Keterlibatan MAPALASTA menjadi bagian dari kolaborasi riset nasional yang bertujuan menyusun kerangka pemulihan kawasan Gunung Bulu Bawakaraeng pascakeadaan darurat melalui pendekatan yang mengintegrasikan ekoteologi Islam, pengetahuan lokal, kajian geomorfologi, dan tata kelola pelestarian lingkungan.
Gunung Bulu Bawakaraeng dipilih sebagai lokasi penelitian karena dinilai memiliki kerentanan geomorfologis sekaligus menyimpan nilai sejarah, budaya, dan spiritual yang berkembang di tengah masyarakat.

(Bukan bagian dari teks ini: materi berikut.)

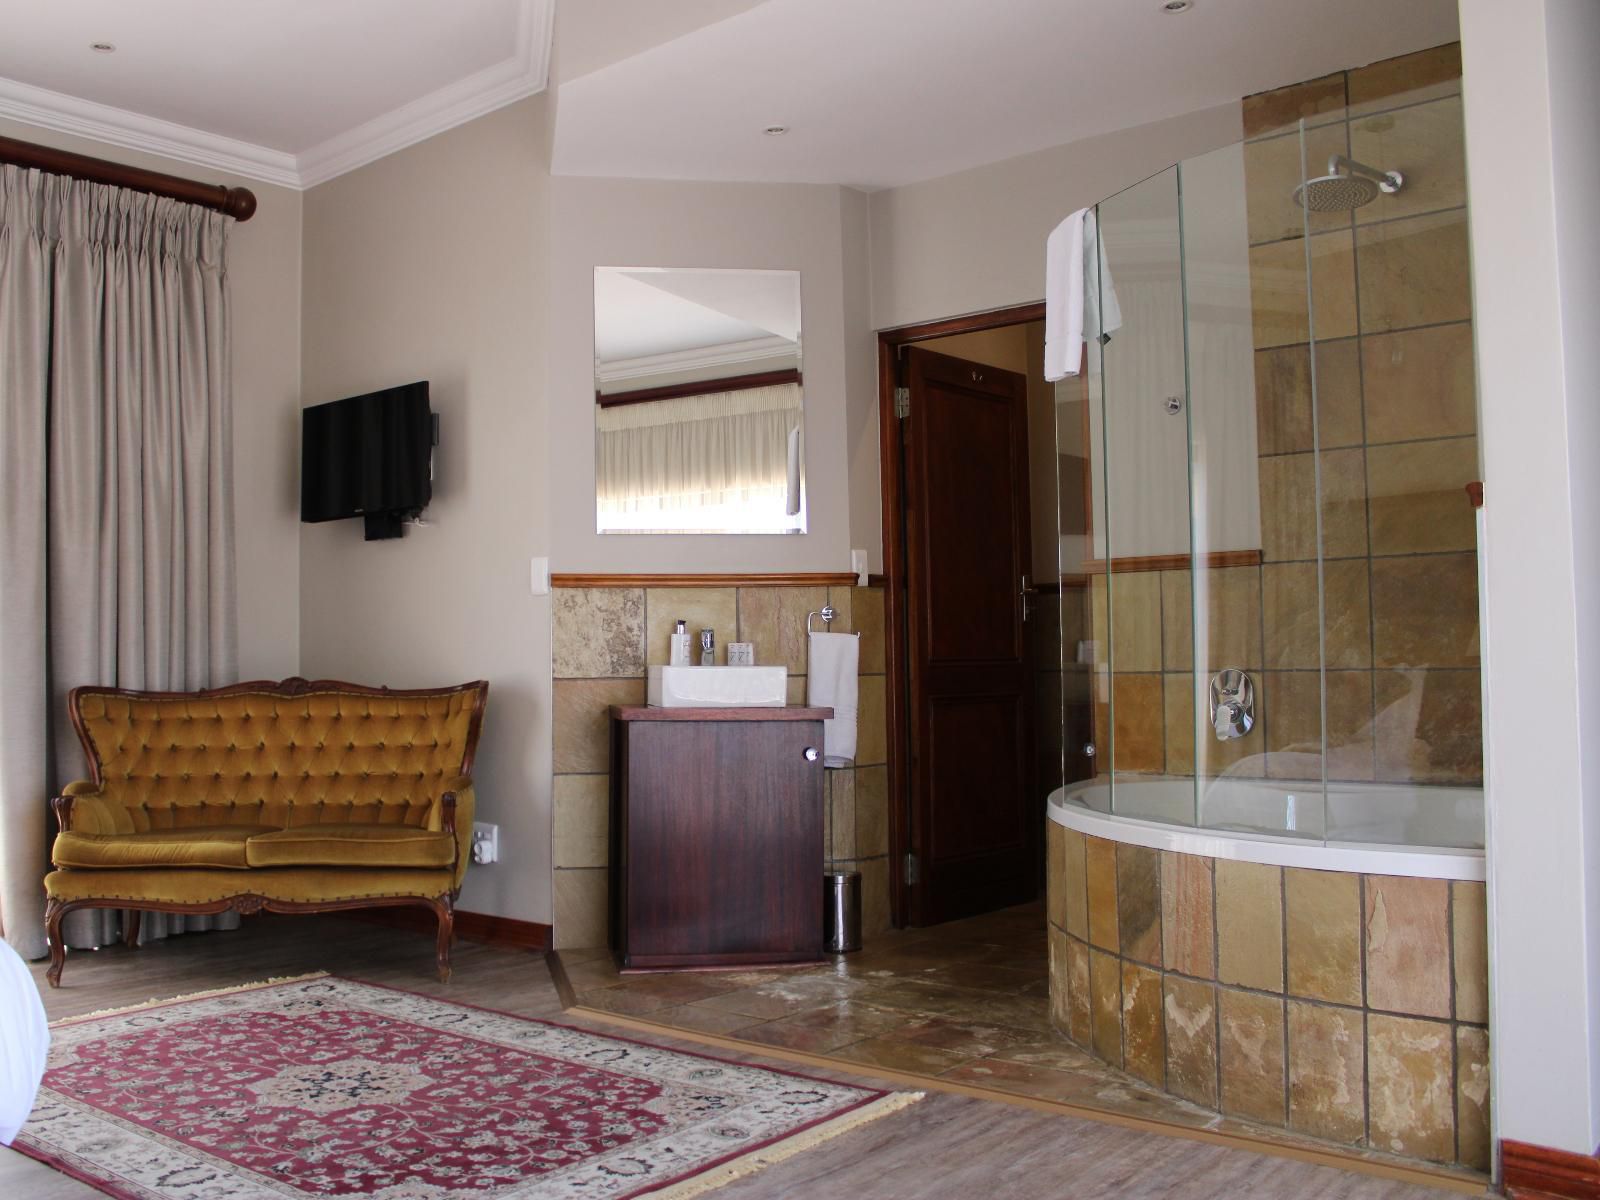 Abiento Guesthouse Park West Bloemfontein Free State South Africa

FGD diikuti 77 peserta dan 37 peninjau dari berbagai unsur, di antaranya pemangku adat kawasan Bulu Bawakaraeng, tokoh agama, Pemerintah Provinsi Sulawesi Selatan, Badan Penanggulangan Bencana Daerah (BPBD), Kantor Wilayah Kementerian Agama Sulawesi Selatan, Balai Besar Konservasi Sumber Daya Alam (BBKSDA) Sulawesi Selatan, PUSDAL Lingkungan Hidup SUMA, organisasi Mahasiswa Pencinta Alam Perguruan Tinggi Keagamaan Islam Negeri (MAPALA PTKIN), komunitas pecinta alam, akademisi, serta sejumlah narasumber.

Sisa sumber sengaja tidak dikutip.